How Much Backstory Do You Need to Complete the Picture?

Over the holidays, I finally got my chance to see the entire "Casablanca" from start to finish. I had only seen parts of it over the years on television, and while I knew the infamous music and the basic storyline, as well as all the famous quotes - here's looking at you, kid -- round up the usual suspects -- it was quite different seeing the whole thing in a revival movie theatre. I was surprised that about halfway through, the filmaker took us through about a half-hour backstory expose of the love story between Bogart and Bergman, and their romance in Paris before the German occupation of Paris in WW2. The flashback was perfect.
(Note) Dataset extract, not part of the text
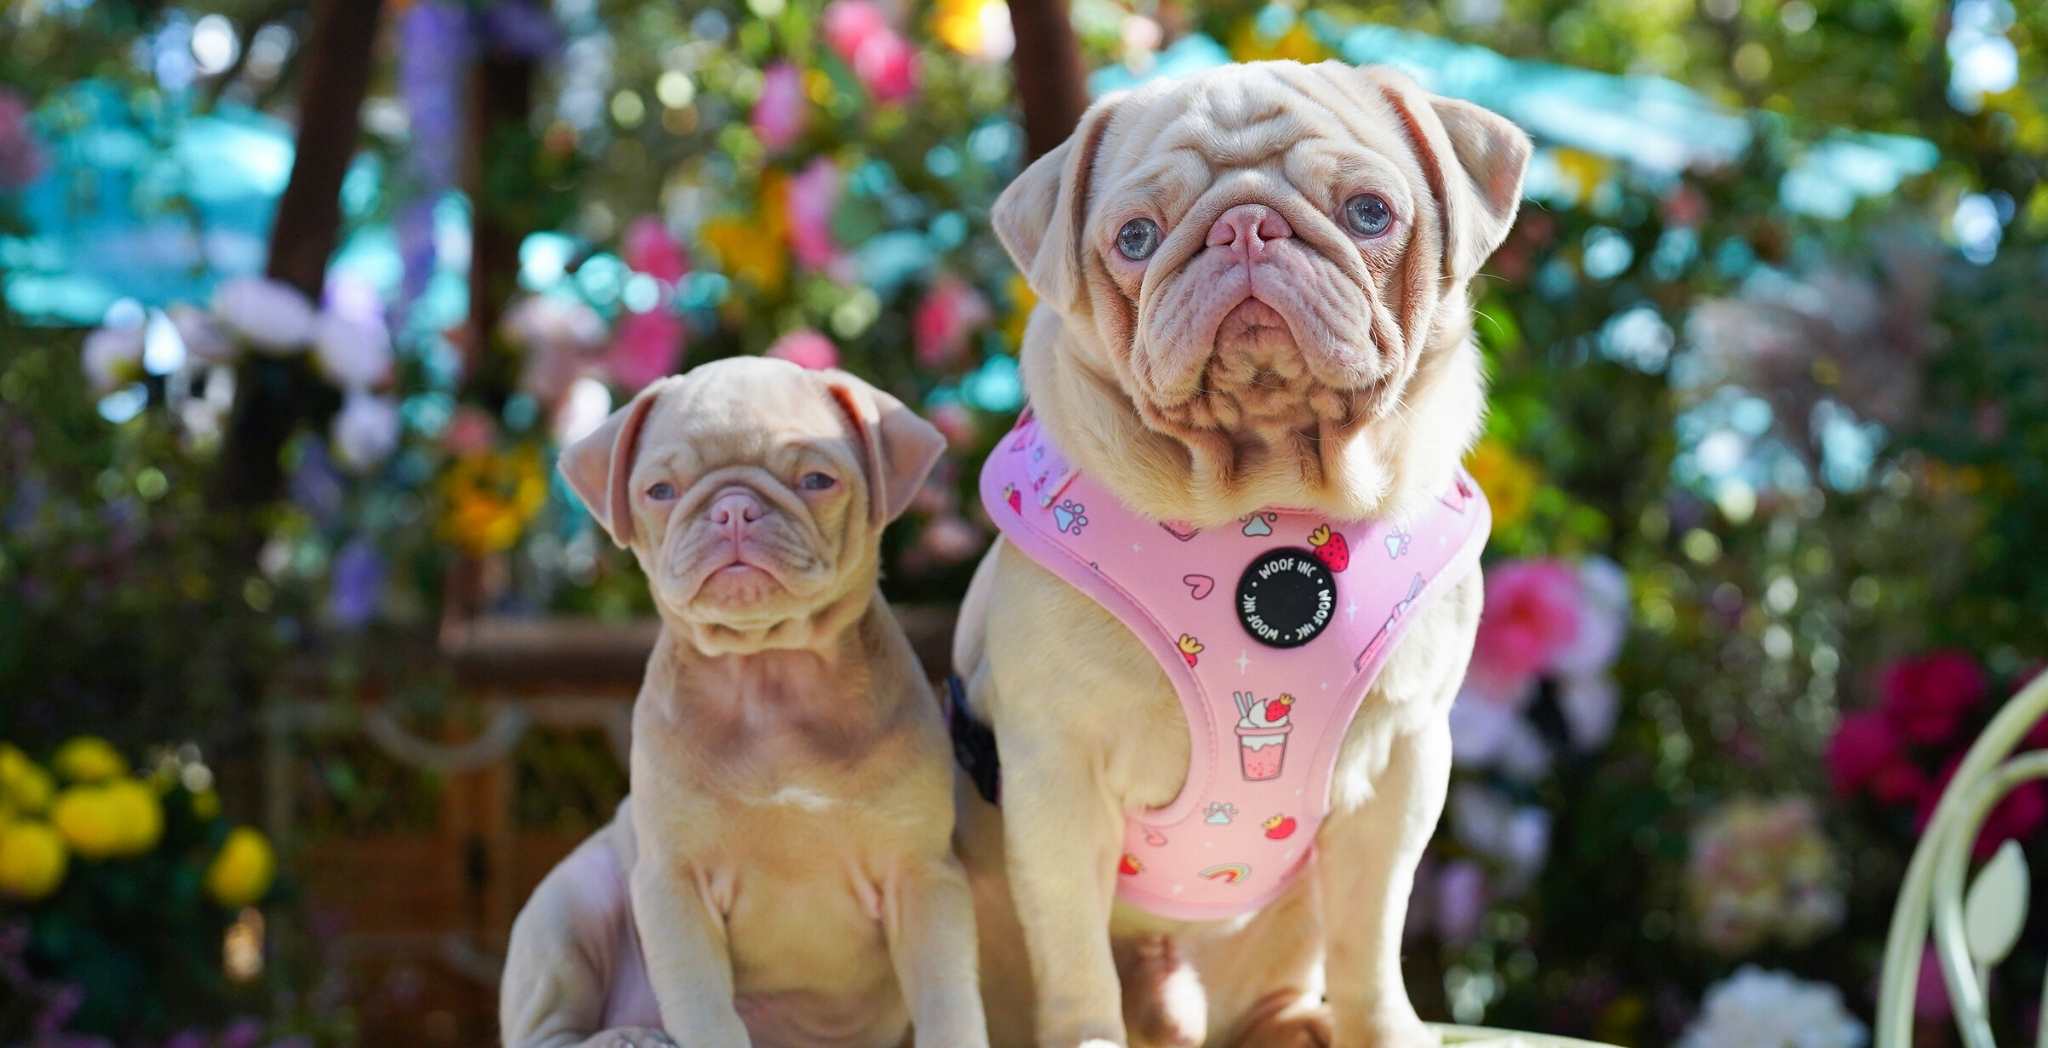 Milkshake the pug and cookie the pink pug wearing comfortable dog harnesses at the Chelsea in Bloom flower show in London

It showed the intense romance between the two main characters, the events leading up to the spread of the war, the key moments that captured everything we needed to know about the affair. There was not a single unecessary detail or extraneous moment in the entire sequence, and the transitions before and after were seamless.

So, I got to thinking about flashbacks and backstory, and how important they are to telling your story when done right. In many ways, they must have all the qualities of good writing to begin with. There should be something urgent about them. They should contain important details that move the plot forward and expand the depths of the characters. I thought about other great moments, and humorous ones as well, like those scenes in Woody Allen's "Annie Hall," when we see flashbacks to Alvy's youth growing up next to the Cony Island roller coaster screaming at the family dinner table, juxtaposed with Annie's conservative household. I also remembered reading about how in the making of "The Big Chill," director Lawrence Kasdan had originally planned a flashback sequence at the end of the film to show the characters' college lives together, and then decided to leave it out, realizing that the story was complete without it.
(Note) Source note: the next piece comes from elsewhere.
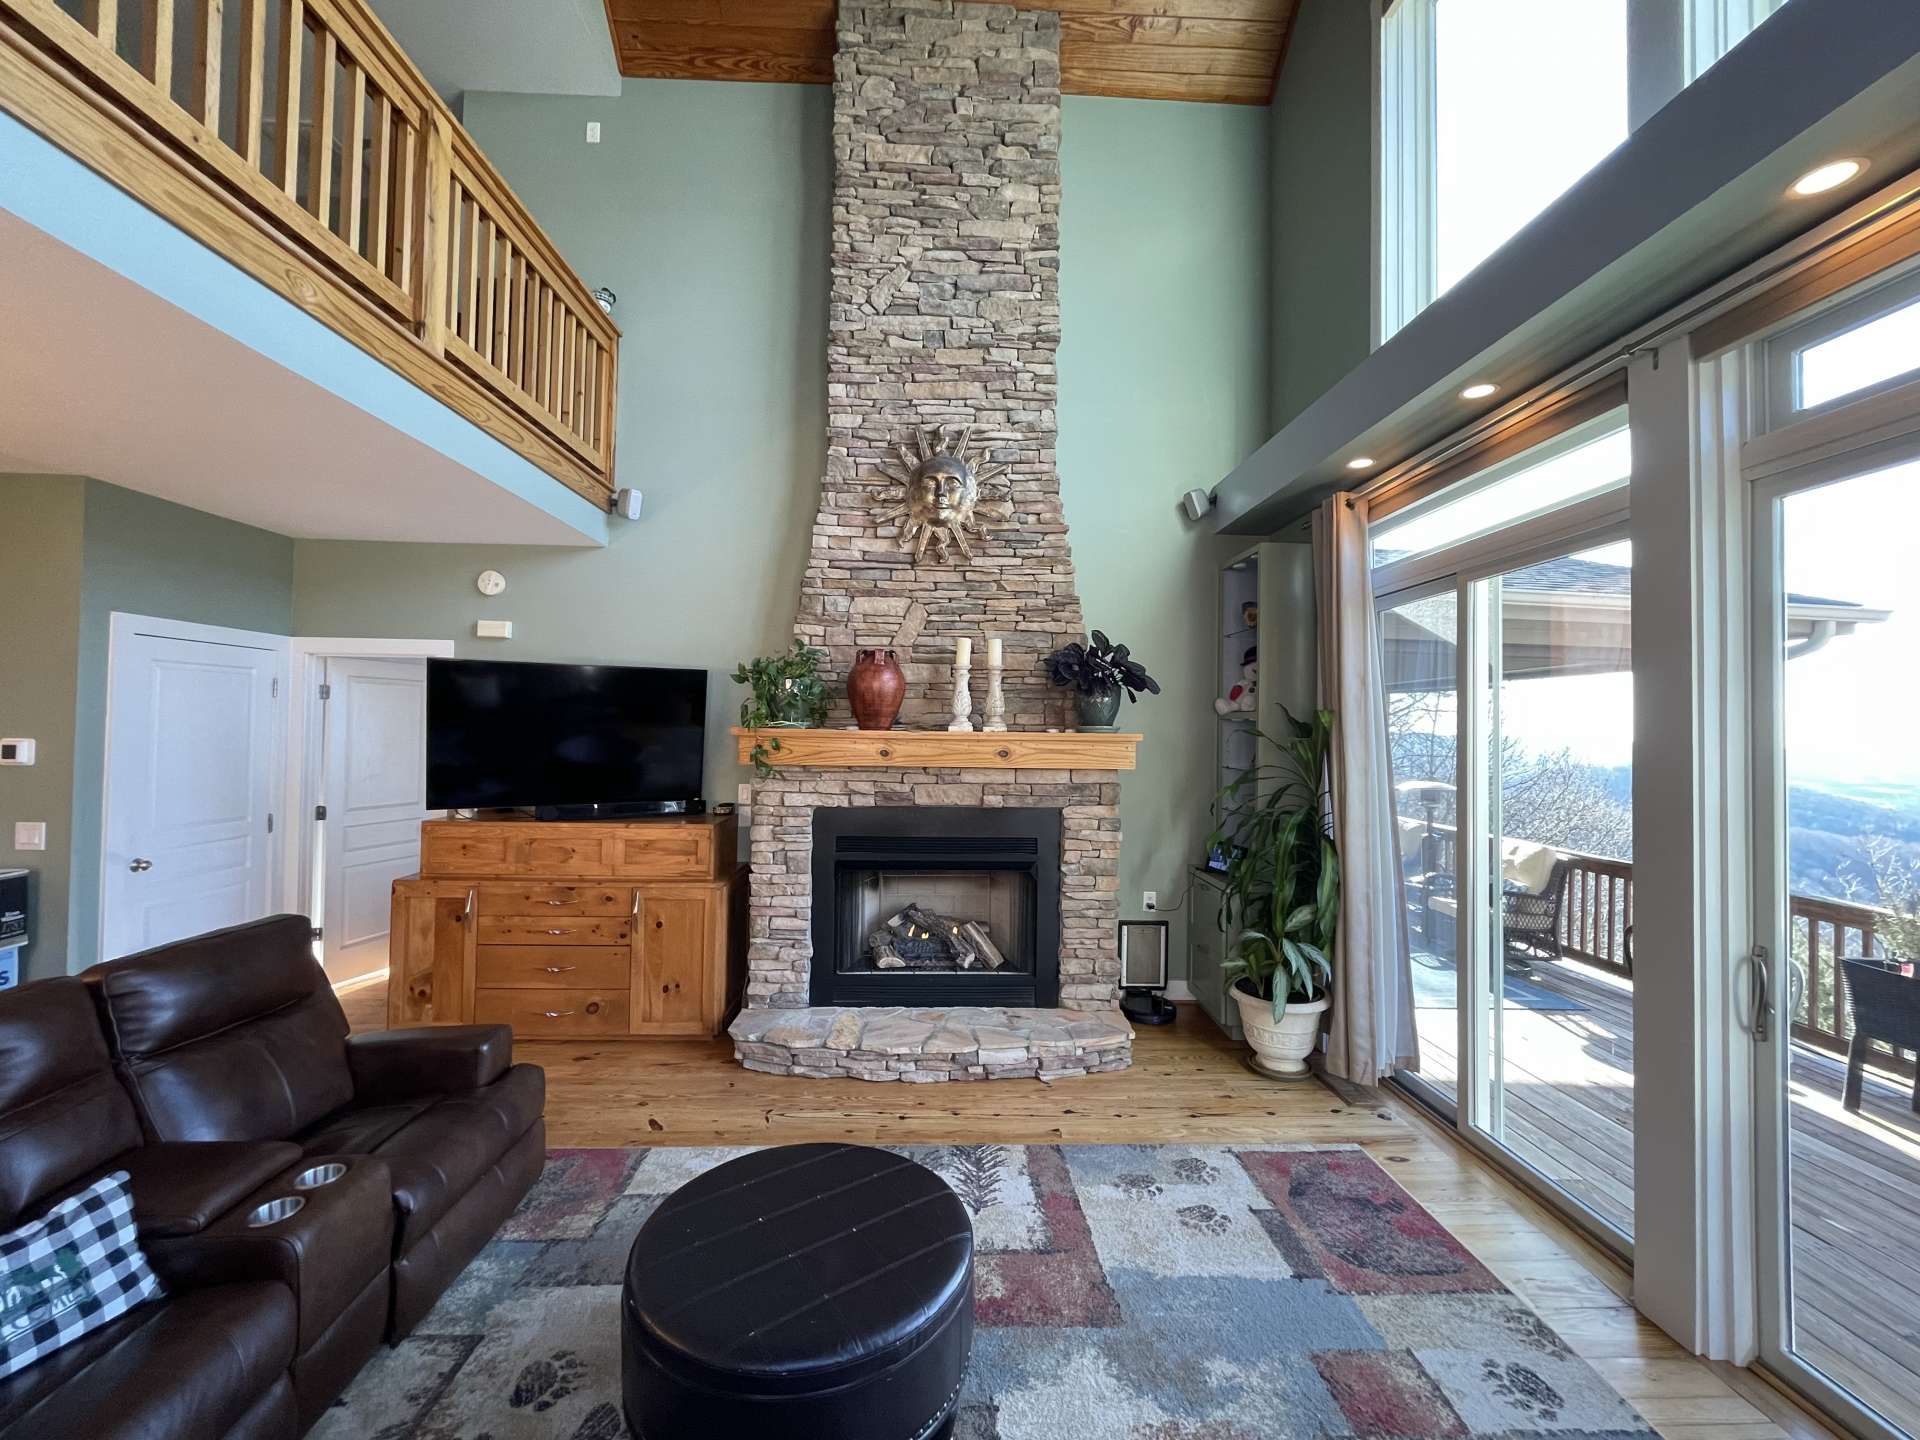 Floor to ceiling stone fireplace.

And what about books? Who can forget the classic example of "Rebecca" by Daphne DuMaurier, the story of a marriage told entirely in flashback; or, "A Christmas Carol," where Scrooge's past is used to explain his current character and foreshadow his grim future should he not change.
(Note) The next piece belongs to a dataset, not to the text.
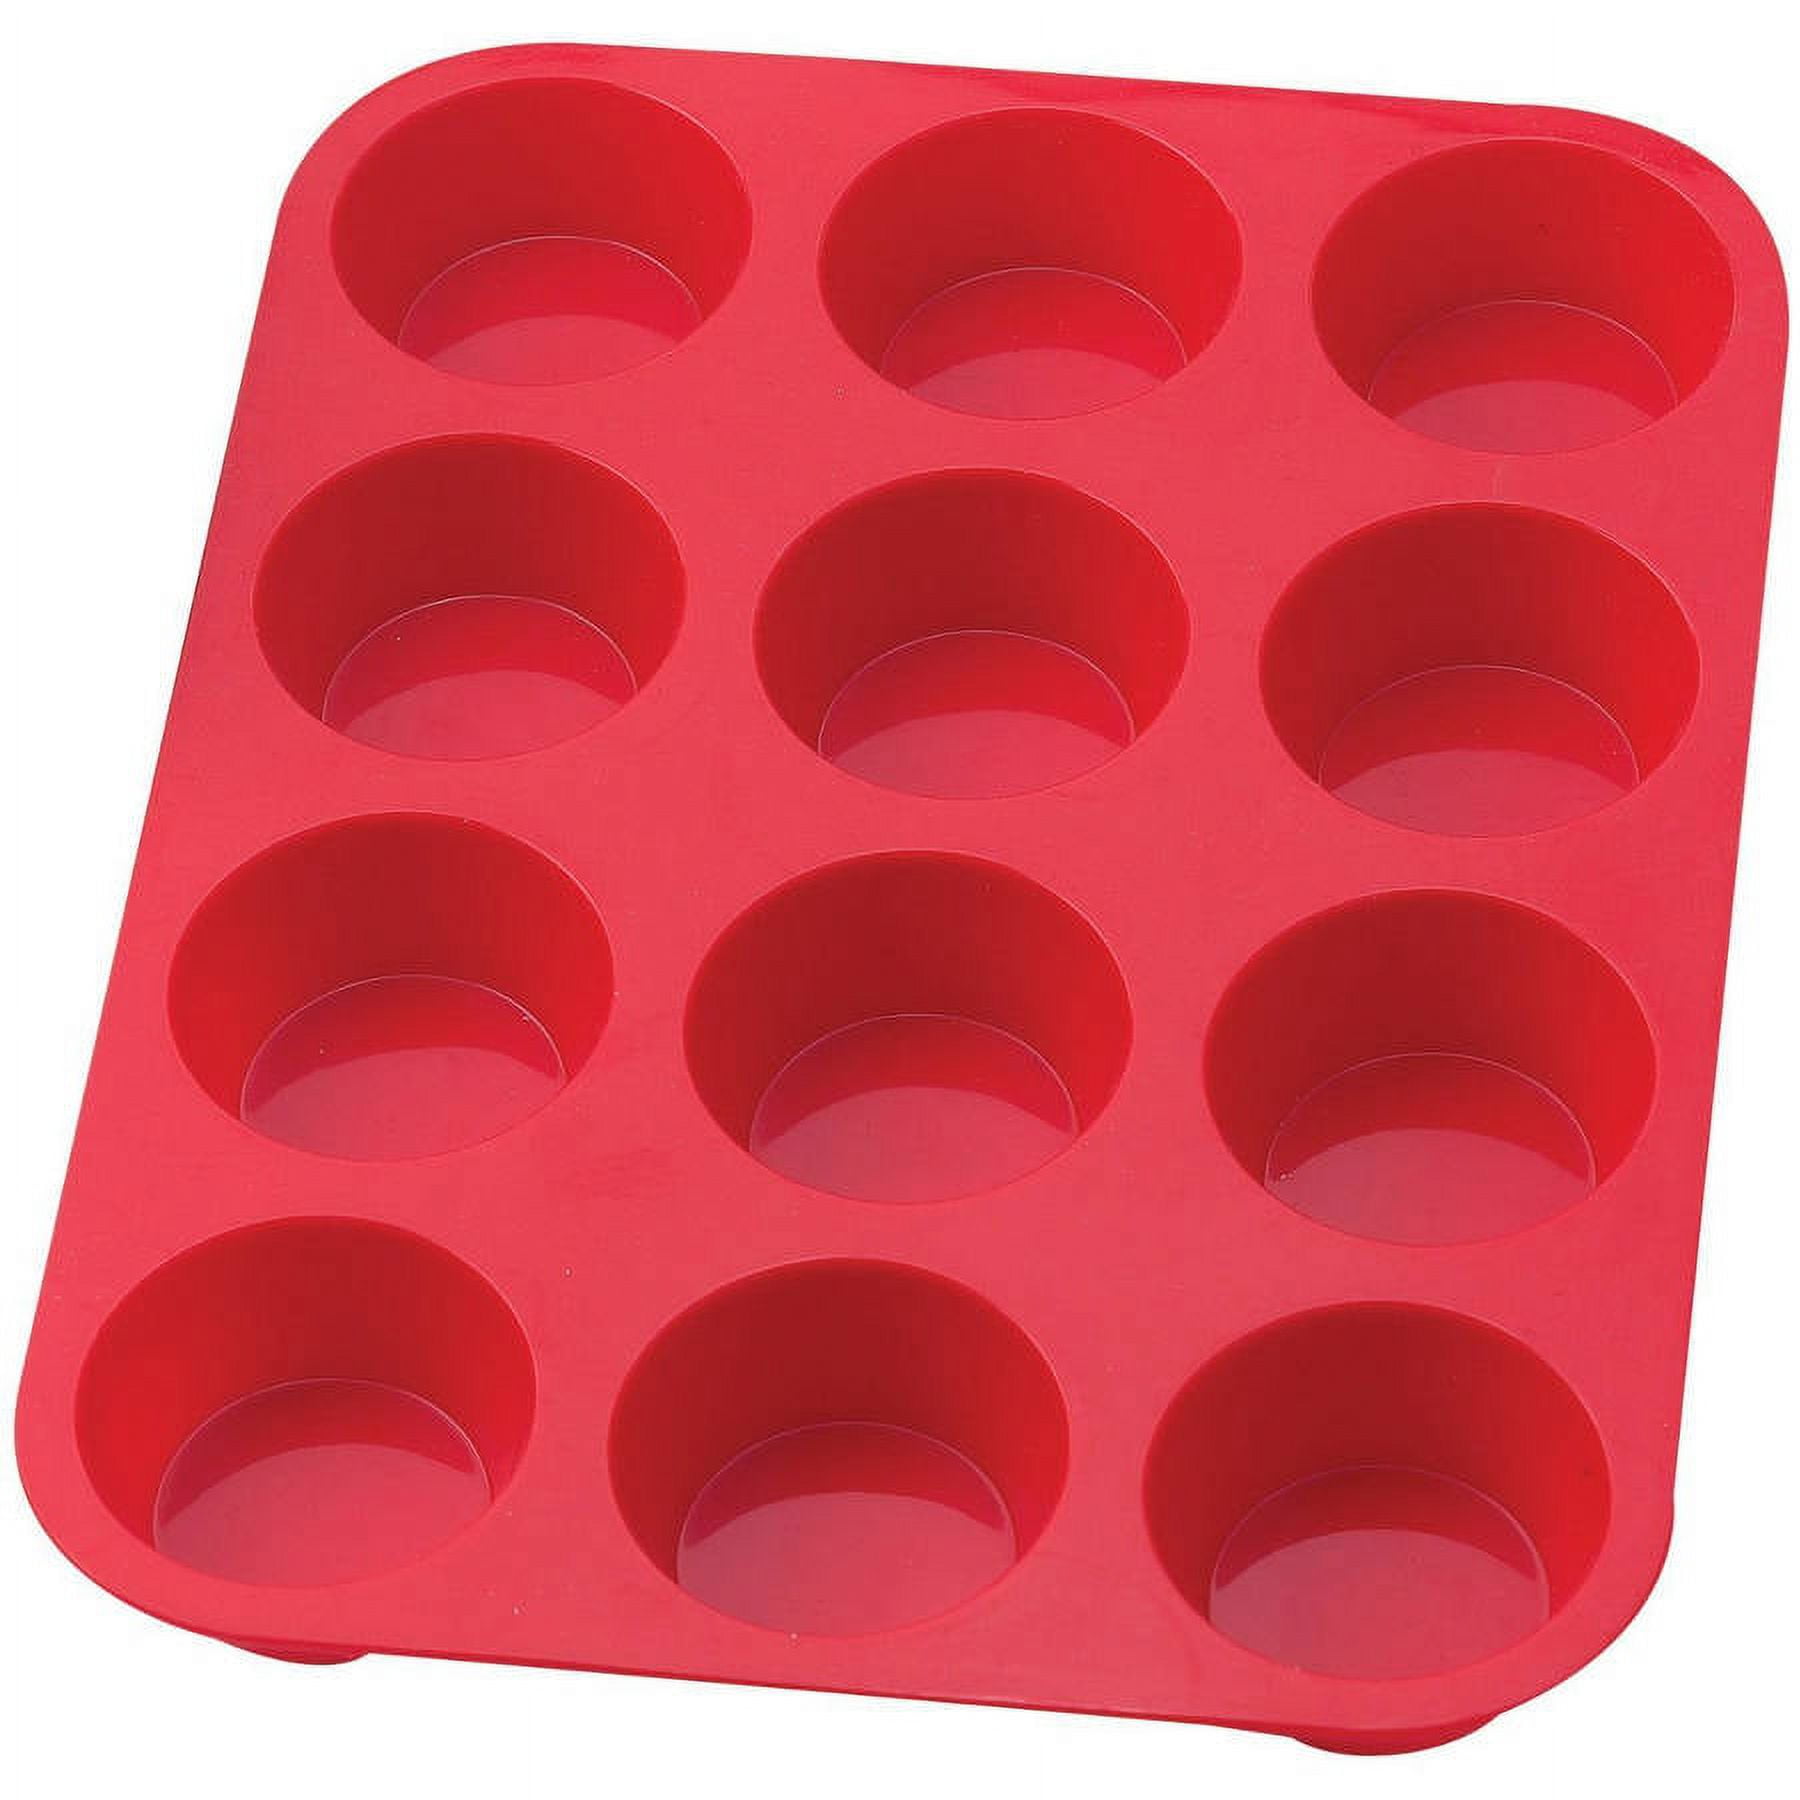  Mini Muffin &Cupcake Set, 24 Cups 2-Pieces, Nonstick Silicone  Baking Pan, BPA Free and Dishwasher Safe, Great for Making Muffin Cakes,  Tart, Bread (24 Cups Red,2 PCS): Home & Kitchen

The dreaded "flashback" sequence as a cliche, is something all novice writers are adamantly warned against doing. Start off a story that way and you're guaranteed to lose your audience. However, that does not mean that both in fiction and business writing, you neglect to "fill in the blanks" for your readers. Some of the best books ever written and films ever made include key flashback scenes that are so well done, they provide just that missing information needed to make the story complete for readers and viewers. In fact, many marketing specialists suggest that we tell our stories when speaking in public and writing our "About" pages for our blogs and websites, because they are part of our brand, and set us apart from others. Also, they allow our audiences to identify with us and make a connection. This enhances the relationship, and inspires trust. And in the end, we want to do business with those we trust, right?

So, what's your backstory to how you got where you are today, and what obstacles did you have to overcome? Can you tell it well in a presentation or speech? Can you write about it in an original and fresh way? Will you tell it all at once, or in parts? Can you offer it in an introductory video? Remember, the fundamental things apply...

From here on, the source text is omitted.